YouTube is taking “a hard look” at its existing community guidelines governing what kinds of content are allowed on the platform — not just what content it deems acceptable for serving ads against.

That’s according to Philipp Schindler, Google’s chief business officer, who on Tuesday outlined a series of steps the internet giant is taking in response to an uproar in the U.K. after advertisers and agencies discovered that some of their ads ran against YouTube videos from white supremacists and other hate-mongers. As a result, several British marketers and even the U.K. government have pulled business from Google and YouTube.

“We know advertisers don’t want their ads next to content that doesn’t align with their values,” Schindler wrote in the blog post. “So starting today, we’re taking a tougher stance on hateful, offensive and derogatory content.”

YouTube’s community guidelines already broadly forbid users from posting hate speech, which it defines as content “that promotes or condones violence against individuals or groups based on race or ethnic origin, religion, disability, gender, age, nationality, veteran status, or sexual orientation/gender identity,” or whose primary purpose is “inciting hatred” on the basis of those attributes. Now, according to Schindler, the YouTube team is considering being even more aggressive in blocking offensive material from being hosted on the site.

Google’s attempt at damage control on the issue comes after U.K. advertisers have responded with outrage after their brand messages appeared with objectionable content. Last week the Guardian reported that it had discovered some of its ads on YouTube had been placed with such content as videos by American white nationalists, including former Ku Klux Klan leader David Duke, and a hate preacher banned in the U.K. “Recently, we had a number of cases where brands’ ads appeared on content that was not aligned with their values. For this, we deeply apologize,” Schindler wrote.

According to Schindler, Google’s stepped-up measures will run across three fronts: updating its ad policies, better enforcement of those policies, and new controls for advertisers.

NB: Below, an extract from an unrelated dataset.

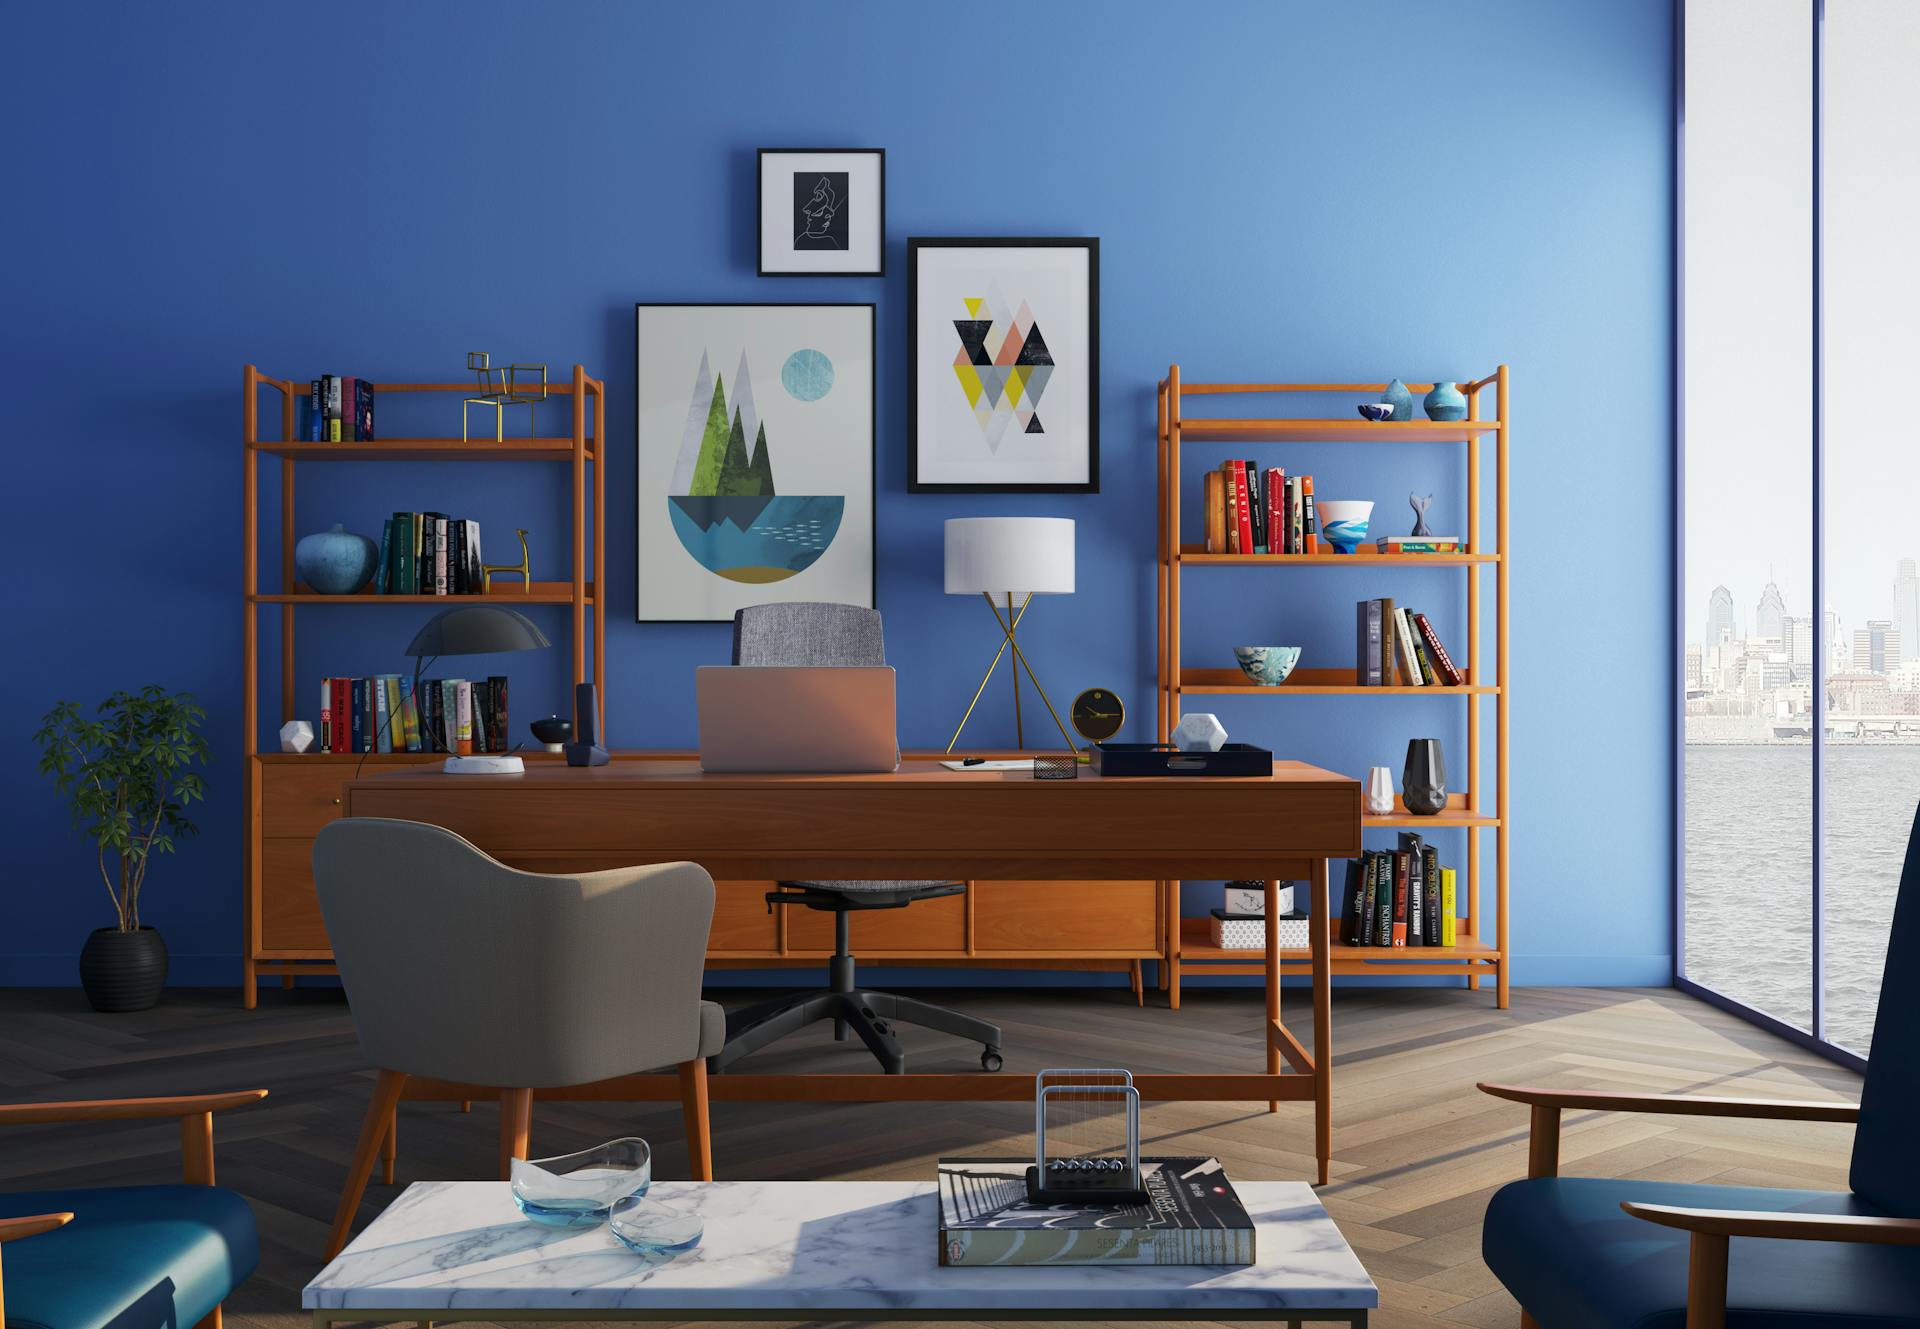 Un bureau chic avec un mur bleu | Source : Pexels

On the policies front, Google will be removing ads “more effectively” from content that attacks or harasses people based on their race, religion, gender or similar categories. That change also “will enable us to take action, where appropriate, on a larger set of ads and sites,” according to Schindler. Google also will “tighten safeguards” to ensure ads show up only against legitimate creators in the YouTube Partner Program, as opposed to those who impersonate other channels or violate community guidelines.

Google also is vowing to improve controls for advertisers to manage where their ads appear across YouTube and Google’s ad networks. That’s set to include changing default settings for ads so that they show only on content that meets a higher level of brand safety and excludes potentially objectionable content. In addition, Google said, it will roll out new account-level controls to make it easier for advertisers to exclude specific sites and channels from all of their AdWords for Video and Google Display Network campaigns.

“We’ll offer advertisers and agencies more transparency and visibility on where their ads are running, and in the coming months we’ll expand availability of video-level reporting to all advertisers,” Schindler wrote.

Google plans to hire “significant numbers” of people to tackle the job, he said, as well as develop new tools to increase its capacity to review questionable content for advertising. “In cases where advertisers find their ads were served where they shouldn’t have been, we plan to offer a new escalation path to make it easier for them to raise issues,” Schindler wrote, with the company aiming to soon be able to resolve such cases “in less than a few hours.”

At the same time it’s moving to make sure advertisers don’t get any unexpected surprises about where their ads show up, Google will “act carefully, preserving the value we currently provide to advertisers, publishers and creators of all sizes,” Schindler added.